----- GIVEN MATERIAL -----

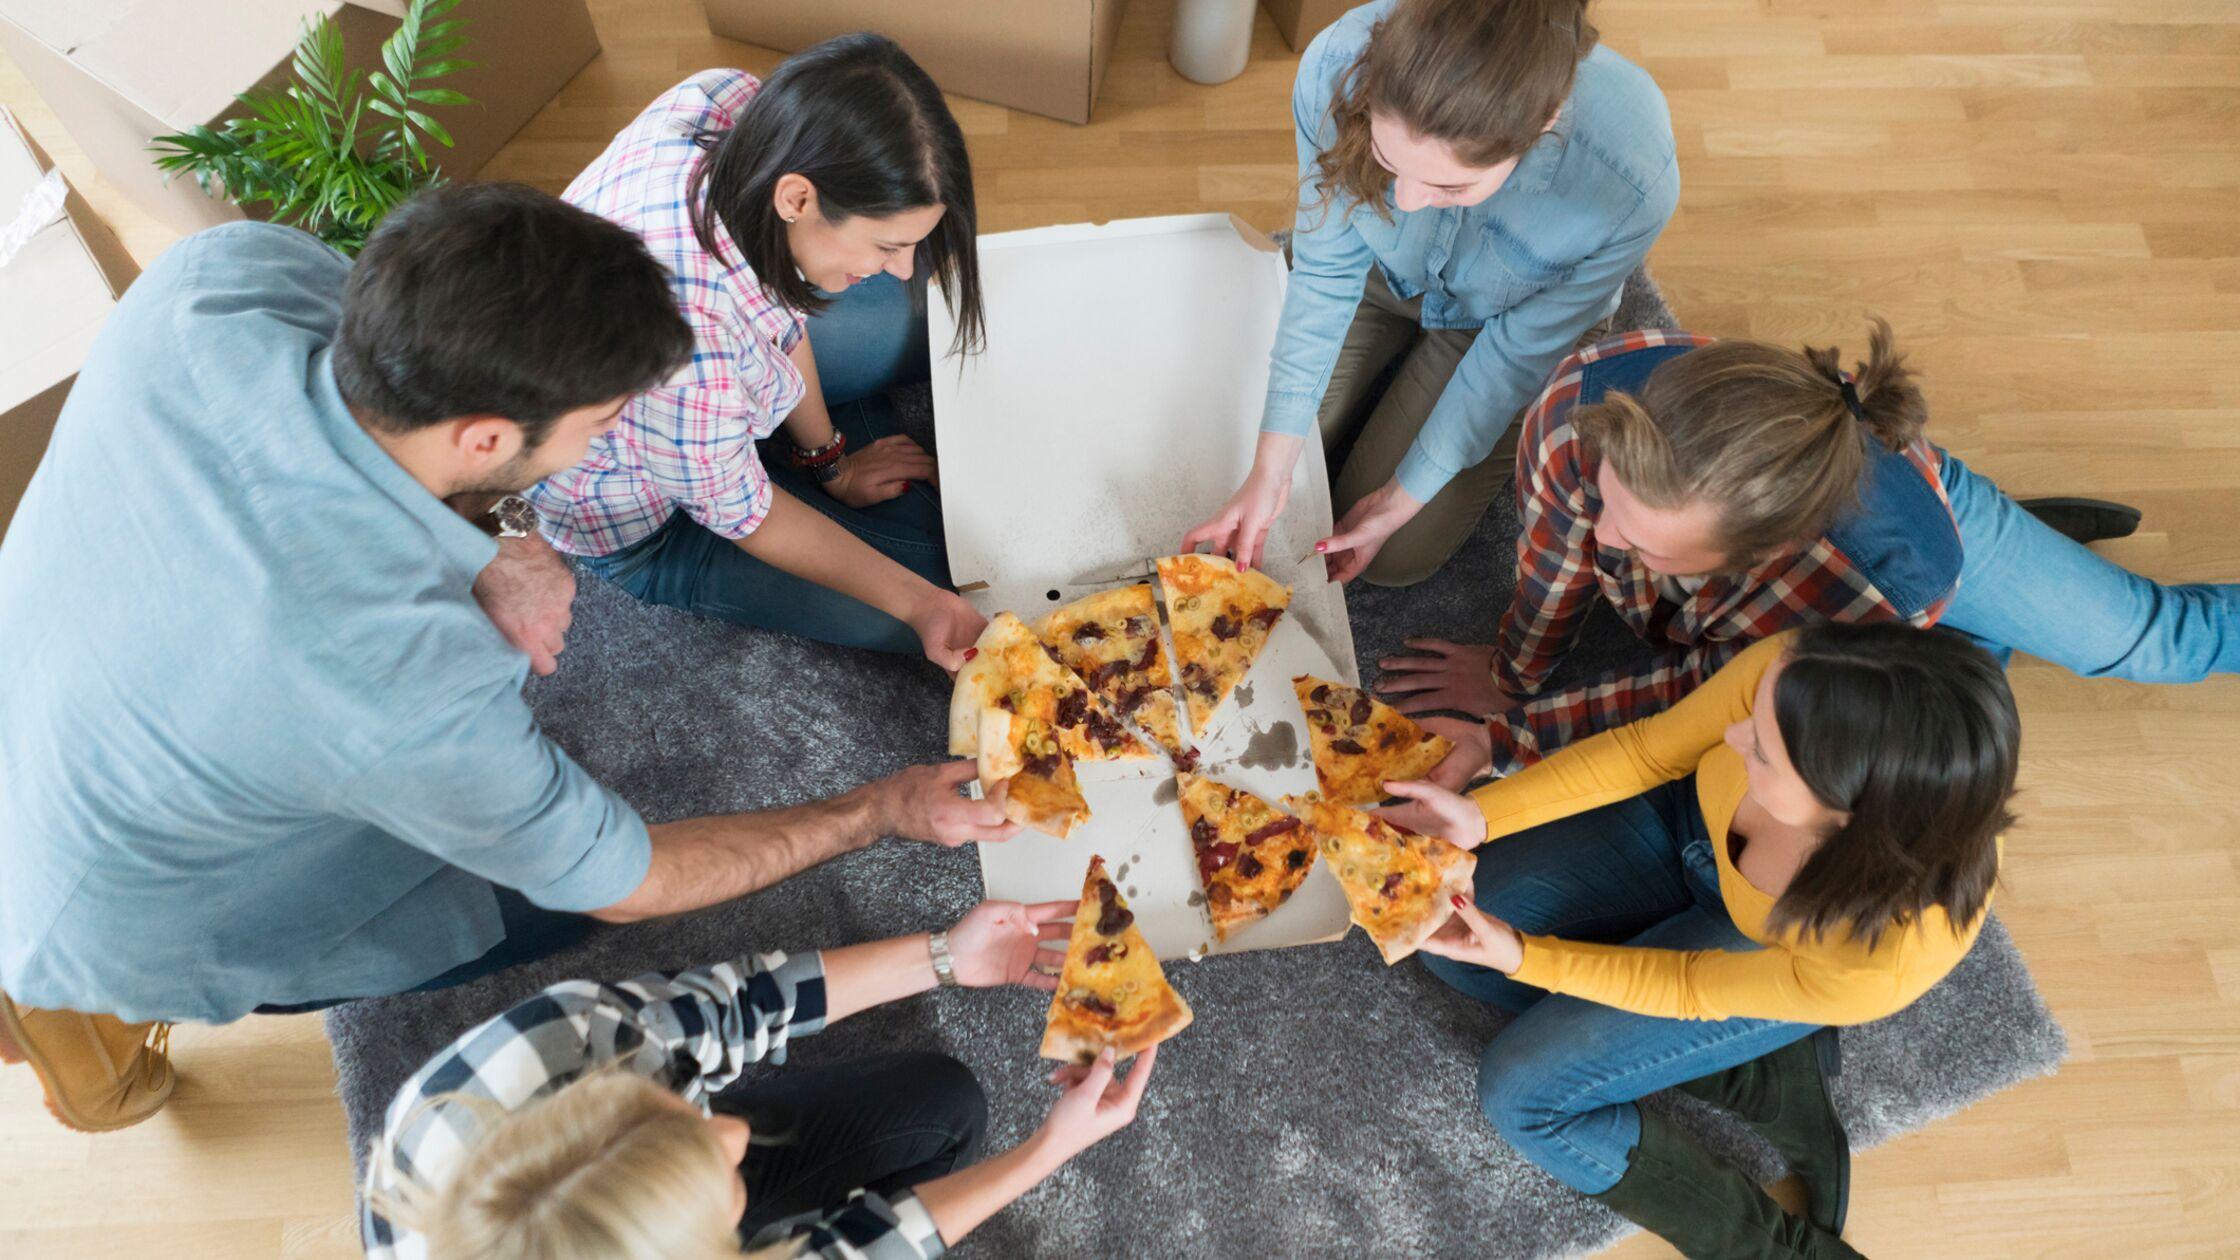 Essen für Umzugshelfer: Verpflegung für den großen Tag
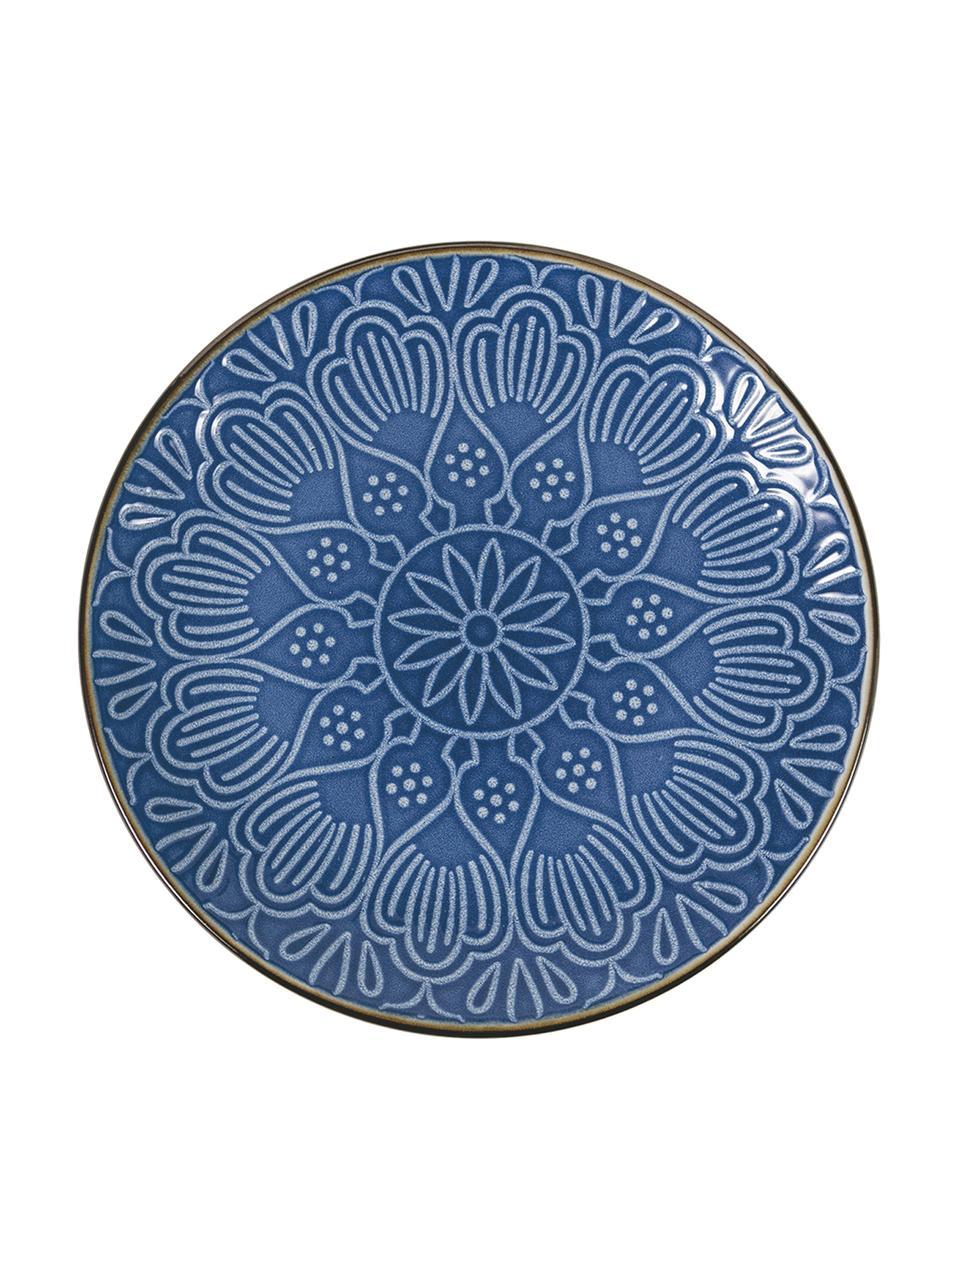 Komplet naczyń Baku, 18 elem., Ceramika, Niebieski, Komplet z różnymi rozmiarami
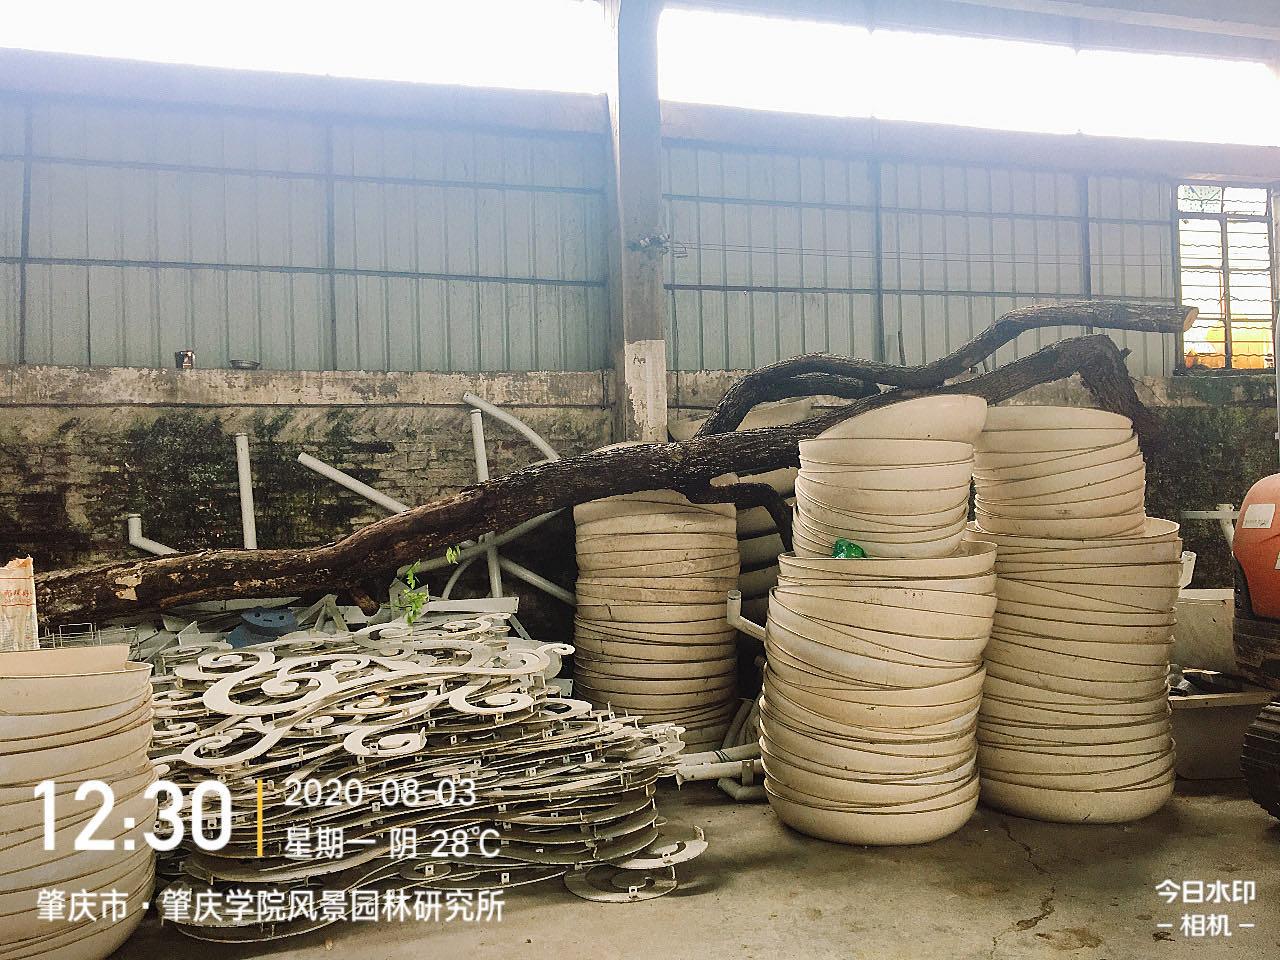 一批海南黄花梨木材转让项目挂牌暨电子竞价公告

-----

Starting with the line that contains "Komplet naczyń Baku, 18", copy every line word for word through the end of the listing above, but leave out the pictures.

### EXERCISE ANSWER
 Komplet naczyń Baku, 18 elem., Ceramika, Niebieski, Komplet z różnymi rozmiarami
 一批海南黄花梨木材转让项目挂牌暨电子竞价公告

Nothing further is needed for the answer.